Meaningful use requirements aren't the only part of the HITECH Act keeping hospital leaders awake at night. The Health Information Technology for Economic and Clinical Health Act (part of the American Recovery and Reinvestment Act of 2009) also increases providers' privacy and security responsibilities. Organizations that fail to meet these obligations likely will suffer extensive financial and reputational damage, loss of productivity, and a governmental compliance review and ongoing intervention.

HIPAA Revisited

Under the expanded Health Information Portability and Accountability Act in HITECH, health care leaders are required to think more proactively about their patients' data. HITECH formally defines a privacy breach; mandates requirements for organizations to systematically audit access to patient records; expands the length of time for which an organization must account for disclosures; and details notification requirements to patients, Health & Human Services, and the media for a breach affecting more than 500 patients. Additionally, the legislation establishes fines and penalties for breaches and even more stringent penalties for willful neglect on the part of the provider. The act also has changed the culture of government enforcement. HHS now actively monitors and performs systematic reviews of health care organizations to ensure compliance. Since the notification rule became effective Sept. 29, 2009, HHS has identified about 260 breaches. Collectively, these breaches affect more than 10 million individuals.

Mind the Gaps

In essence, HITECH has mandated that health care organizations weave privacy and security into the fabric of their establishments. All hospital business leaders must collaborate to establish and implement policies and technology to address these new legal obligations. Board leadership will be essential in leading a culture that safeguards patient data and in ensuring adequate resources for those efforts. To measure the effectiveness of compliance efforts, executives and trustees must assess the organization in the following three areas.

Compliance, legal and privacy—Hospital leaders must determine if their organization has:

  • Entitywide privacy, security and compliance plans that incorporate requirements mandated by HITECH, HIPAA and relevant state laws.
  • A written plan for responding to patient requests for disclosure.
  • A written plan for investigating staff tips that a colleague is violating privacy policies and stringent policies for sanctioning staff who violate access rules.
  • Revised business-associate agreements to reflect privacy requirements. This includes execution of revised agreements by all suppliers and partners with access to protected health information.
  • Written and executive-endorsed policies for disposal of physical medical records and devices that may contain personal health information.
  • Written procedures for evaluating the harm of privacy breaches and subsequently fulfilling federal disclosure and notification responsibilities.
  • Revised written policies on what constitutes inappropriate access to patient information based on the definitions under federal and state laws.
  • Strong staff privacy training.
  • Data-sharing policies with third parties based on requirements.

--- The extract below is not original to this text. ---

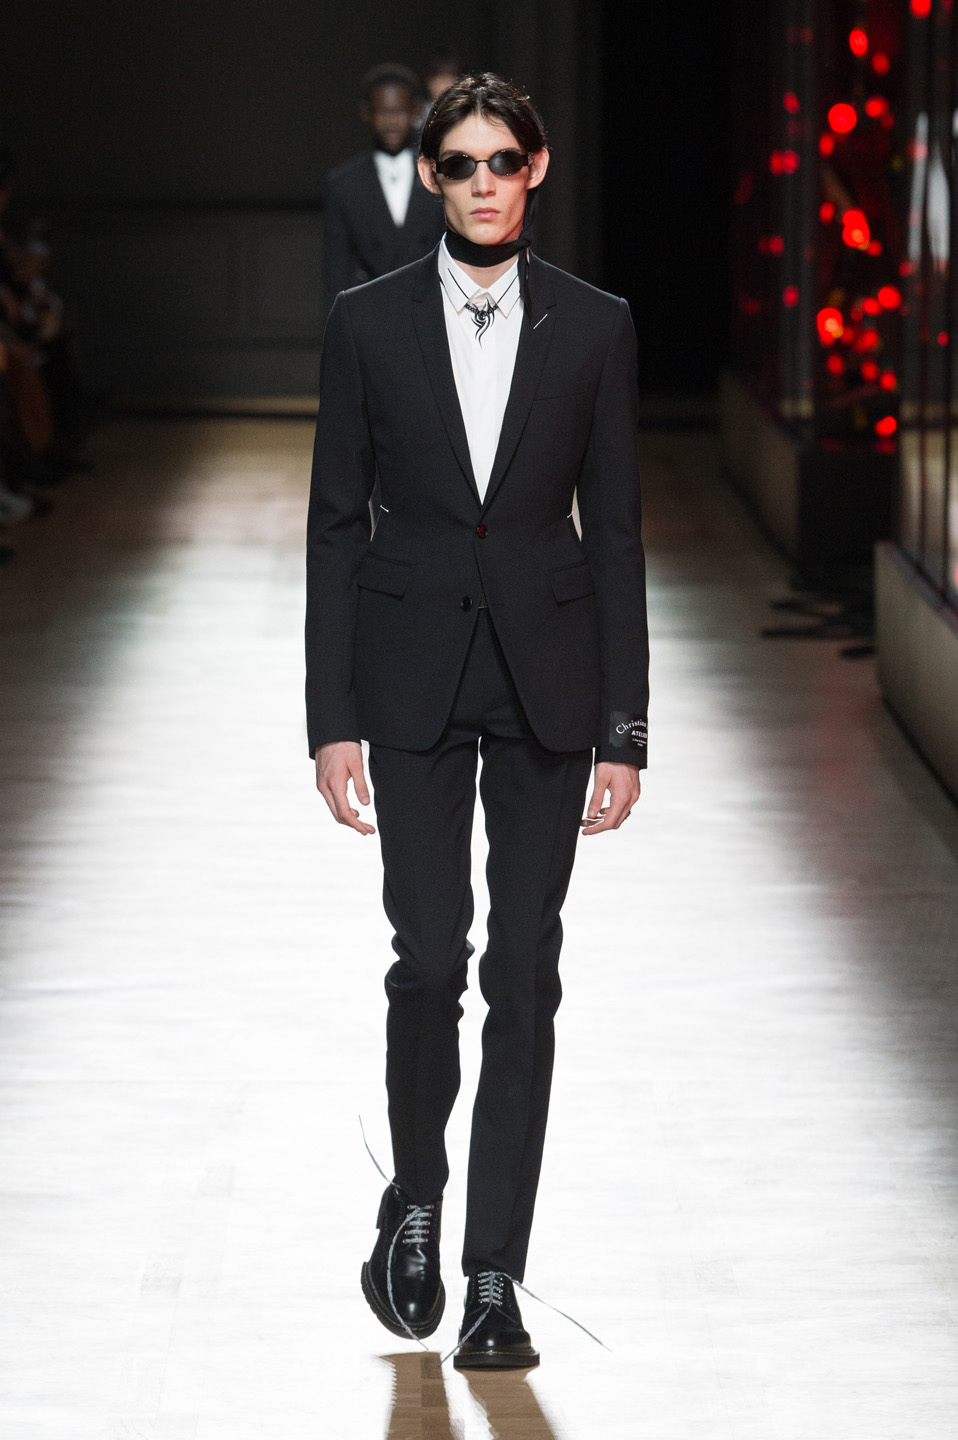 DIOR HOMME WINTER 18 19 BY PATRICE STABLE look05 Fall/WInter 2018 runway
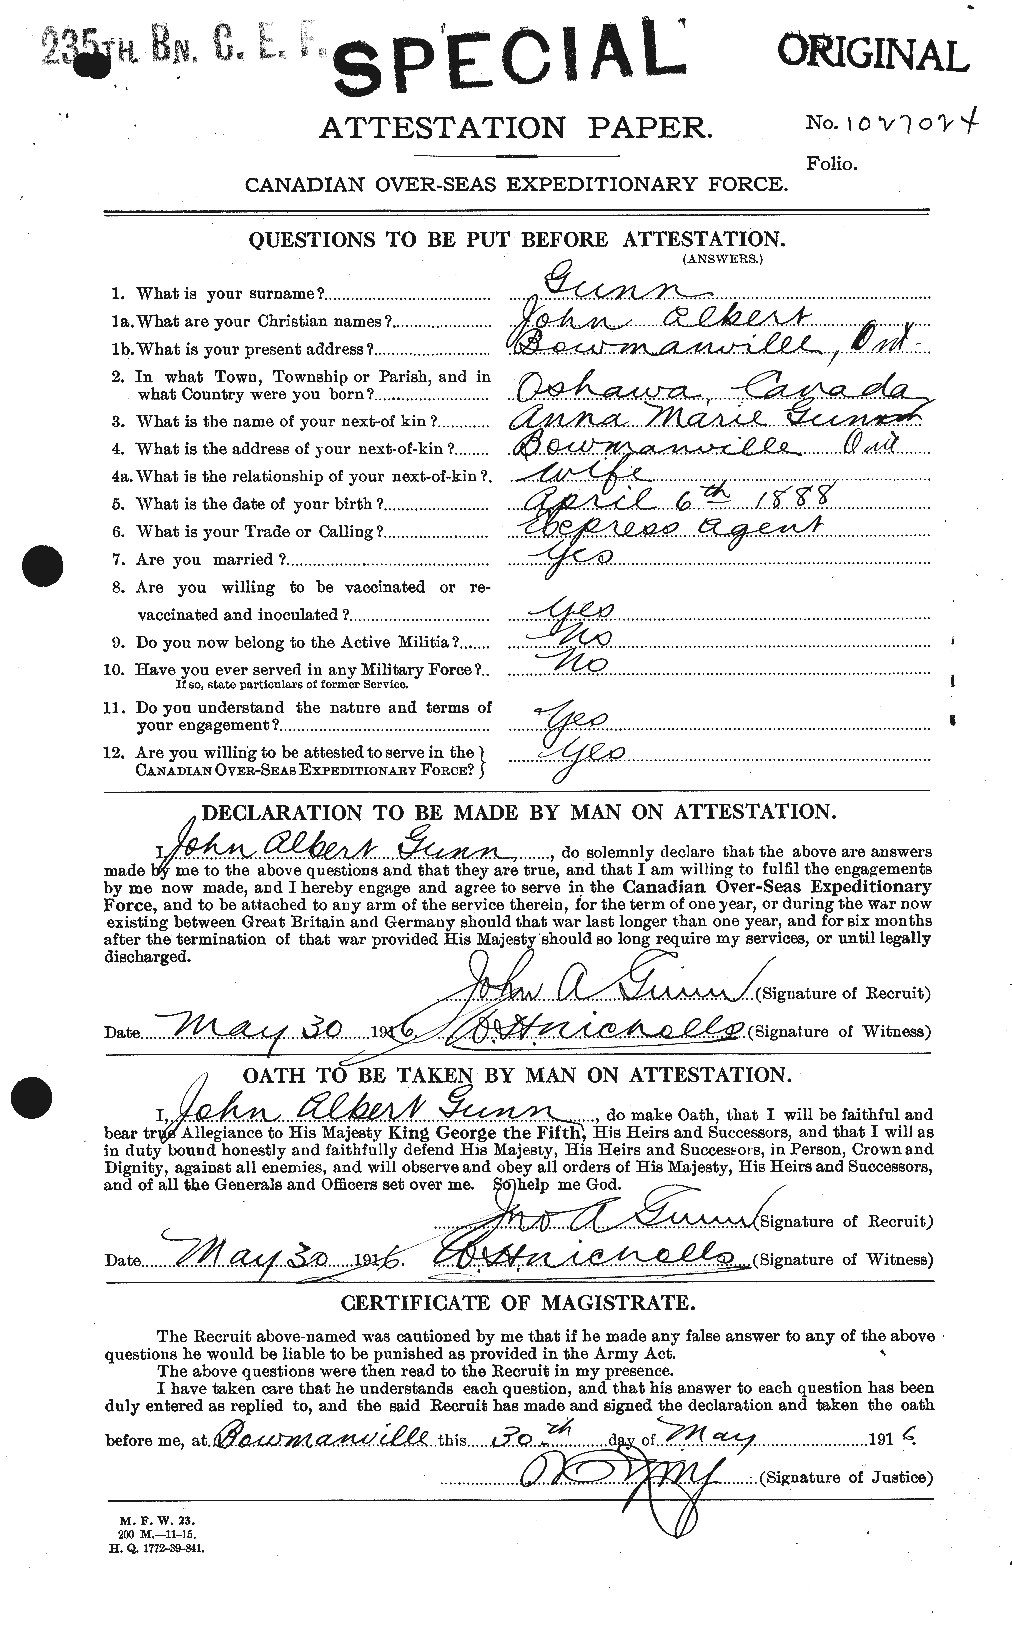 Personnel Records of the First World War - CEF 369291a

Information security and privacy technologies—Many organizations already are using critical technologies to plug privacy and security vulnerabilities. These systems are considered baseline technologies: firewalls; anti-virus software; intrusion-detection and prevention systems; remote-access technologies; encryption; employee authentication and authorization that limits access to need-to-know information; and password management. These technologies are not enough to eliminate all vulnerabilities. To proactively drive out risk of a breach, an organization should:

  • Employ a reputable, specialized third party to perform a gap analysis of information security and provide a report for the board.
  • Implement technologies and associated policies for encryption of all portable devices.
  • Initiate breach monitoring and protection for all systems that access protected health information.
  • Automate detection of privacy breaches related to identity and medical identity theft and unauthorized employee access to celebrities, friends, family and neighbors' records.
  • Automate privacy audit reporting across all applications that access protected health information.
  • Ensure electronic health record and other application vendors produce audit trails.
  • Create a chief information security officer position empowered with the appropriate authority and resources to identify and mitigate privacy breaches.

Training, policies and procedures—Industry benchmarking data confirms that patient breaches are preventable with moderately priced, off-the-shelf technology combined with refinements to provider training, incident remediation and sanctioning processes. Hospitals and systems must ensure that their training, policies and procedures support a culture that is committed to protecting patient information. They should have a formal, comprehensive policy for employee access to protected health information; a streamlined approach for investigating a privacy incident; a formal warning and sanction policy for inappropriate access of patient records; and continuously updated privacy and security training for all staff members.

It's Not Too Late

Although asking the right questions might reveal gaps in your organization's readiness to adopt new privacy and security requirements, it's better than learning about them in the course of a compliance review. The cost of proactive privacy and security planning is negligible when compared with the cost of a breach.